Except for her deliveries, she has never spent this much time both awake and horizontal. Nor has the silence around her ever been so perfect. The noise of the engines and the horns rising from the street is nothing compared to the fleshy thrum that set the tempo of her former life and nurtured the feeling that at any moment someone might show up, tug at her arm and demand of her a thousand things meant to remedy the inexorable fact that whatever you fill will eventually be empty again, whatever you heal will end up hurting again, whatever you satisfy will sooner or later be unappeased.

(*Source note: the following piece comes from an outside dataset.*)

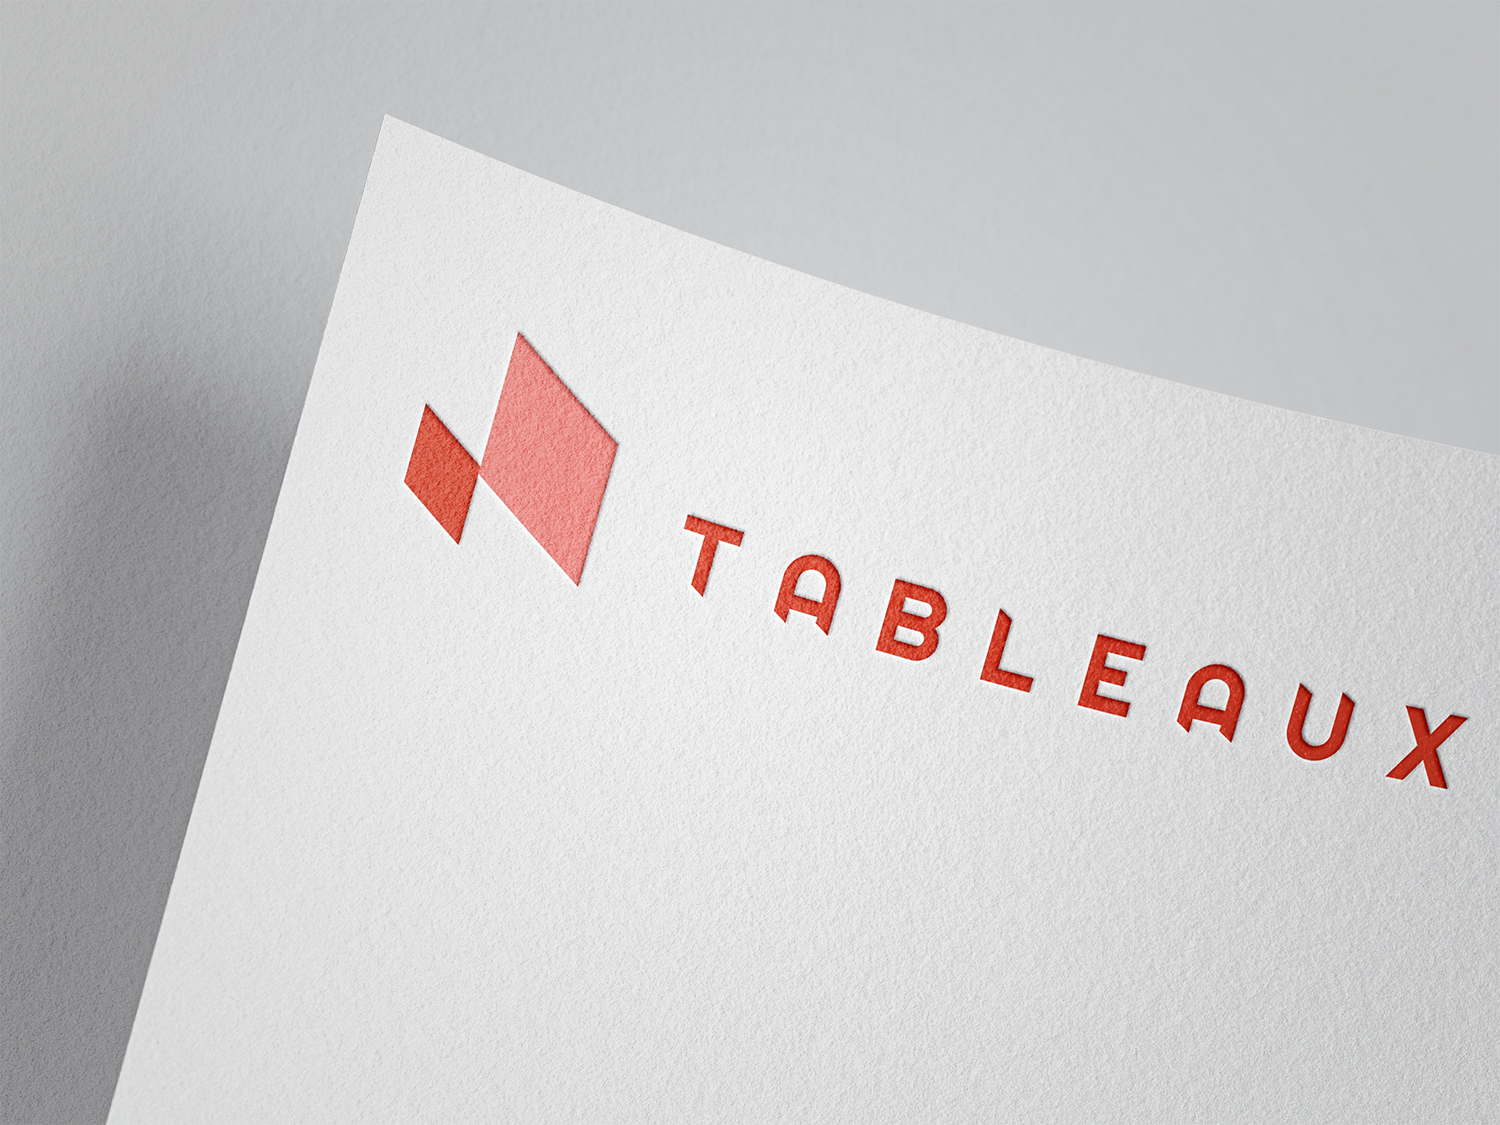 Tableaux Film Company Branding
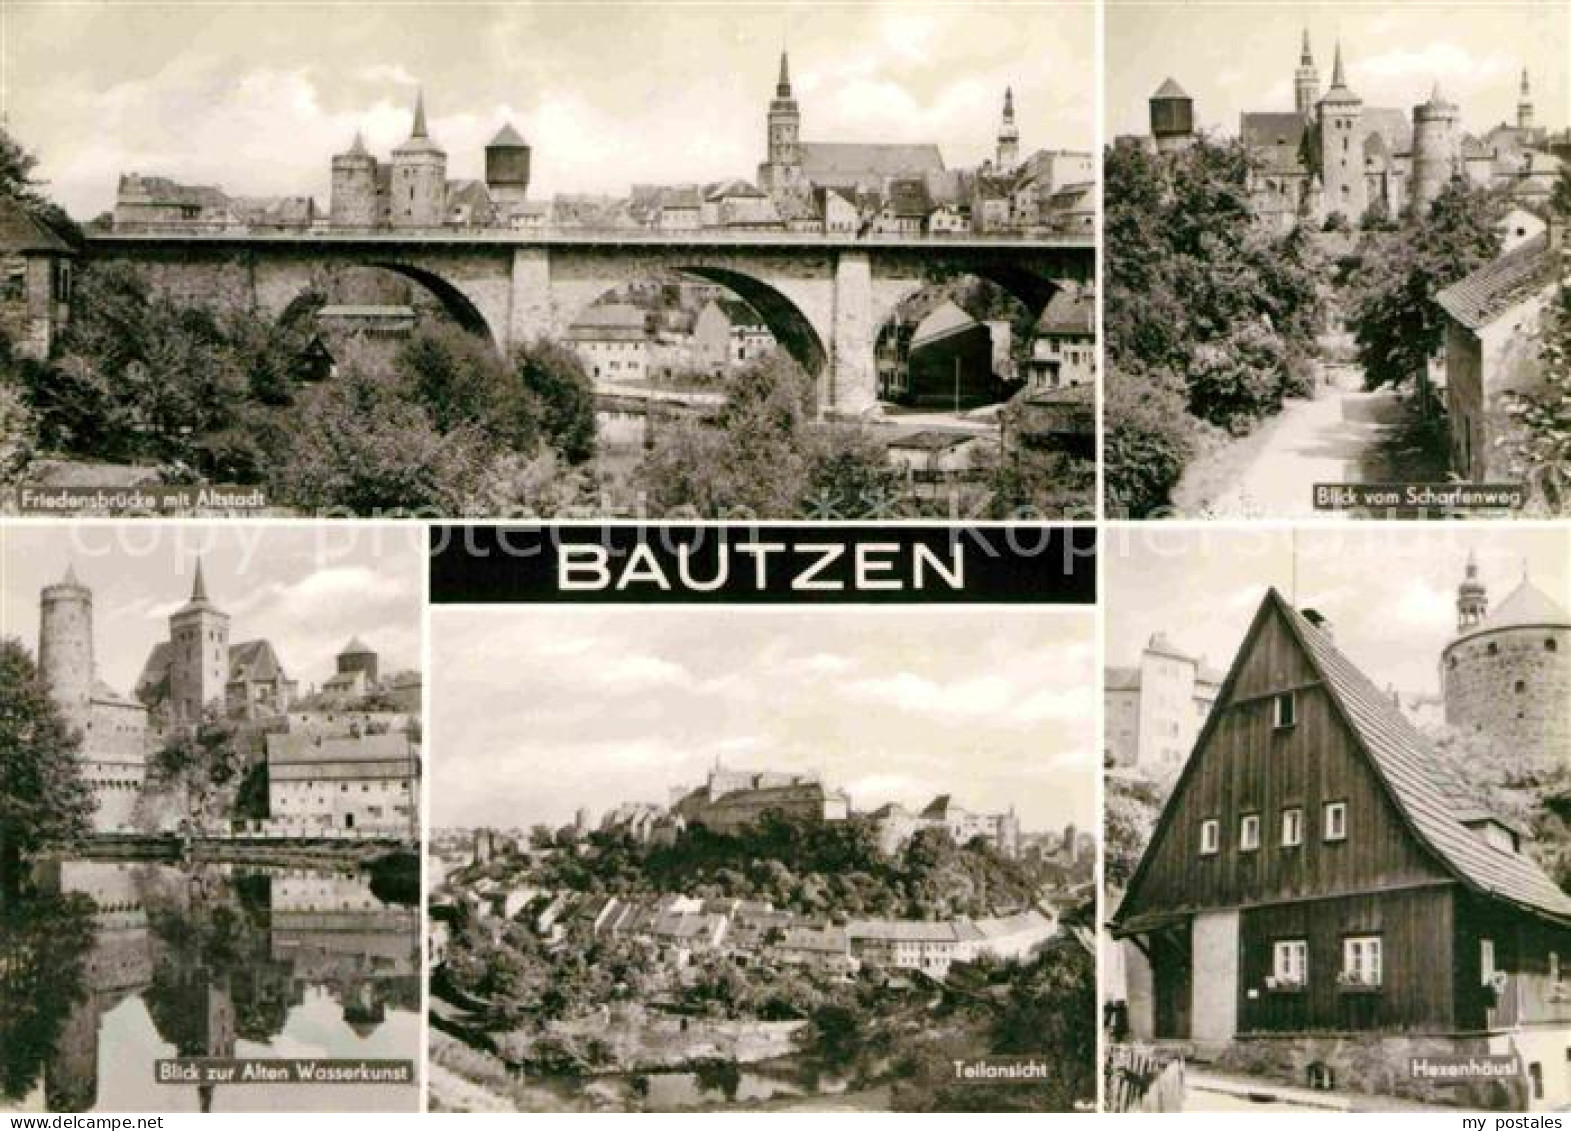 72737982 Bautzen Blick Vom Scharfenweg Hexenhaeusl Wasserkunst Friedensbuercke M - Bautzen

He came from another place, from a house as yellow as a Sunday morning egg yolk, as warm as the smell of roasted chicken.
… if she disappears without anyone even noticing, will she have lived?
Further Reading:
The Foreword Review: “Absorbing and often poignant, Madame Victoria is an achievement, both as a mystery about the missing identity of one woman and in its portrayal of women’s lives more broadly.”
Quill & Quire: “… Leroux plumbs the intricacies of what it means to be female, invisible, and forgotten in the modern world.”
“The end result is a novel that packs a star’s density of rage and love into its pages, a delicate and unflinching look at the impossibilities of womanhood that is nothing short of incandescent. A testament to the power of fable and myth, Madame Victoria is a triumphant feat of storytelling.”
Thank you to Biblioasis for sending me a copy of this book!
Well, actually, it sounds a fascinating read. And what a great way to explore the lives of women, than by doing a series of loosely interconnected (maybe) short stories. I can see the appeal as both a writer and a reader.
It’s such a neat idea, isn’t it? And Leroux pulls it off so well!
I always think these kind of novels as intriguing and, probably, harder to pull off because you’re trying to make an anthology of short stories resonate on a theme. So brilliant when it works.
Yes!
Ah! Yet another book of connected stories! The only reason I haven’t read this author is the big ol’ pile of books I own 😐
I understand! 🙂
I agree with Alex – it does sound like such a fascinating read! It was available at my nearest library (like in my backyard practically) but someone scooped it up already! I will definitely be picking this one up when it’s back in.
Glad to hear it! I can’t remember – did you read The Party Wall?
No, I didn’t read it! Marked for the pile though! 😉
I was just telling someone how much I love interconnected short stories! I love the sound of this one.
I seem to have read a couple of them in a row, and I’m not tired of it yet!
This sounds like a tantalizing idea for a bunch of linked stories.
Yes! It must have been fun for the author to think up the various scenarios for her stories!
I also love interconnected stories. She sounds like an author I need to try and find. We don’t have her books in my library system – maybe interlibrary loan.
I can’t wait to see what she does next!
Thanks for your post. This sounds so intriguing and is probably going to the top of my TBR pile.
Great! I hope you like it!
I remember reading this review of this one in Quill and Quire and thinking it sounded interesting-glad you liked it too!
If you like well-crafted stories and fantastic writing, then you’ll love this.
That last quote. *sigh*
I loved The Party Wall too. So I’m super looking forward to reading and buying this one. A keeper, I’m guessing.
Yes, definitely one you might want to read again!
Stunning quotes Naomi – what a writer!
I love her writing. And I’m in awe of the translator, as well!